Colucci W S
Am J Cardiol. 1983 Feb 24;51(4):639-43. doi: 10.1016/s0002-9149(83)80201-x.
The vascular postsynaptic alpha 1 receptor is the major locus through which adrenergically determined vascular tone is mediated. Therefore, blockade of this receptor is a particularly specific approach to the major pathophysiologic defect in hypertension--an elevation of peripheral vascular resistance. Although the mechanism responsible for this increase in peripheral vascular resistance in hypertension is not known, it is apparent that the sympathetic nervous system plays a key role. In addition, considerable evidence suggests that a common abnormality in hypertension is an increase in the sensitivity of vessels to alpha-adrenergic stimulation, a defect potentially located at the alpha-receptor level. Basic radioligand binding studies of vascular alpha 1 receptors, in fact, demonstrate that the affinity, or avidity, of binding of these sites is under the regulation of both neural and humoral factors. Although diuretics, and more recently, beta-adrenergic blocking agents, have been utilized for the initial treatment of hypertension, recent information about the adverse effects of these agents has led to a reappraisal of the role of alpha-receptor blockade as a rational approach to the initial treatment of hypertension.

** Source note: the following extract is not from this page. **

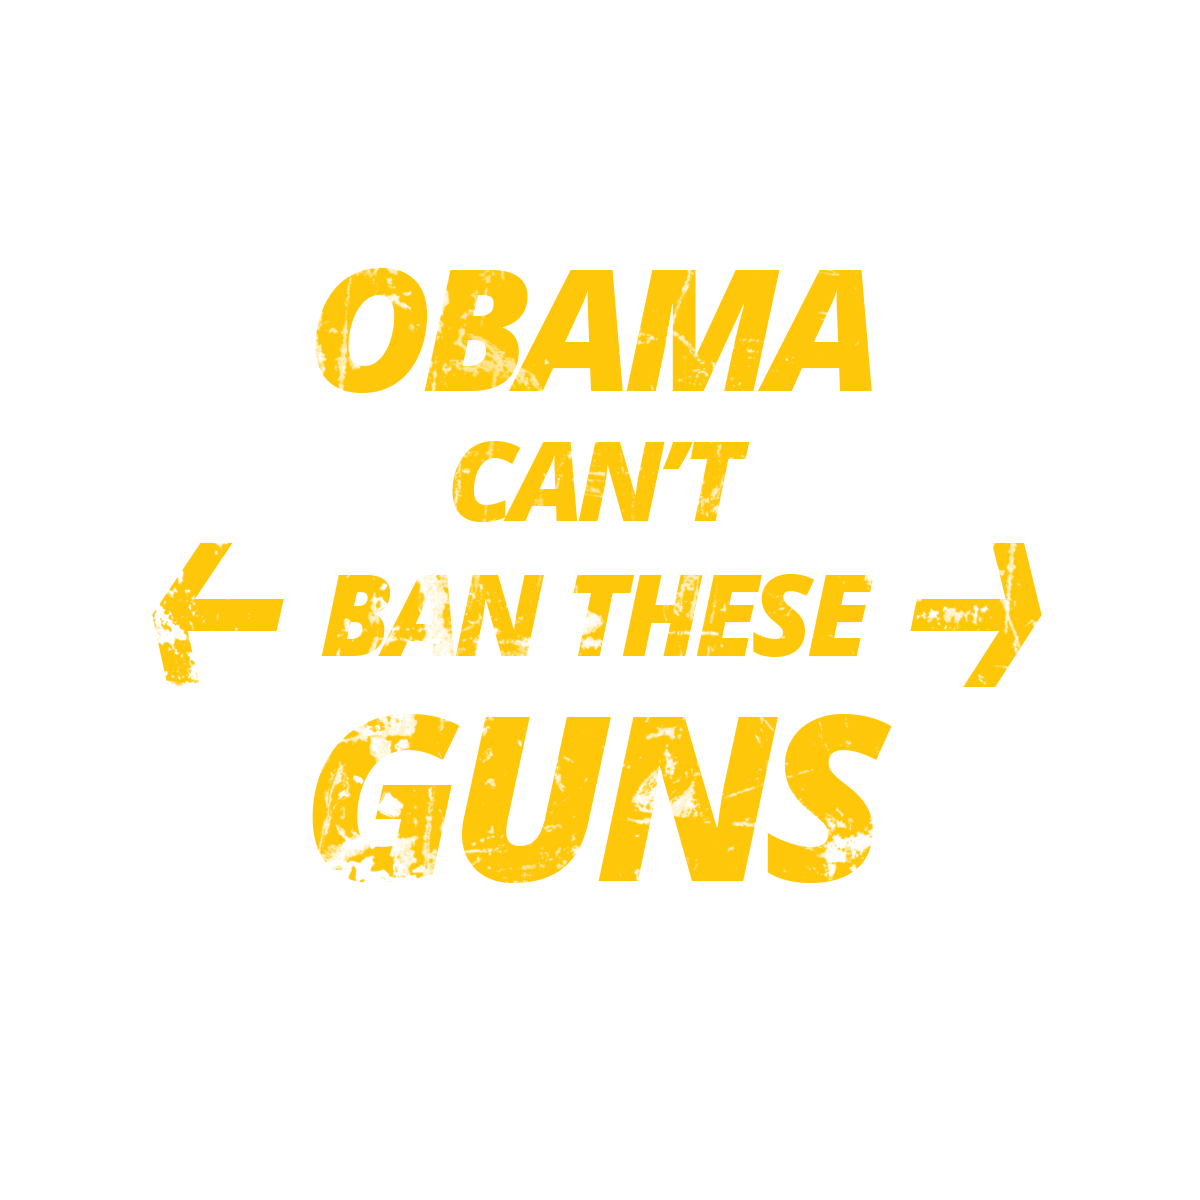 Obama Can't Ban These Guns

血管突触后α1受体是介导肾上腺素能决定的血管张力的主要位点。因此,阻断该受体是针对高血压主要病理生理缺陷——外周血管阻力升高的一种特别特异性的方法。虽然高血压中外周血管阻力增加的机制尚不清楚,但很明显交感神经系统起着关键作用。此外,大量证据表明,高血压的一个常见异常是血管对α-肾上腺素能刺激的敏感性增加,这一缺陷可能位于α-受体水平。事实上,血管α1受体的基础放射性配体结合研究表明,这些位点结合的亲和力或avidity受神经和体液因素的调节。虽然利尿剂以及最近的β-肾上腺素能阻滞剂已被用于高血压的初始治疗,但关于这些药物不良反应的最新信息导致人们重新评估α-受体阻断作为高血压初始治疗合理方法的作用。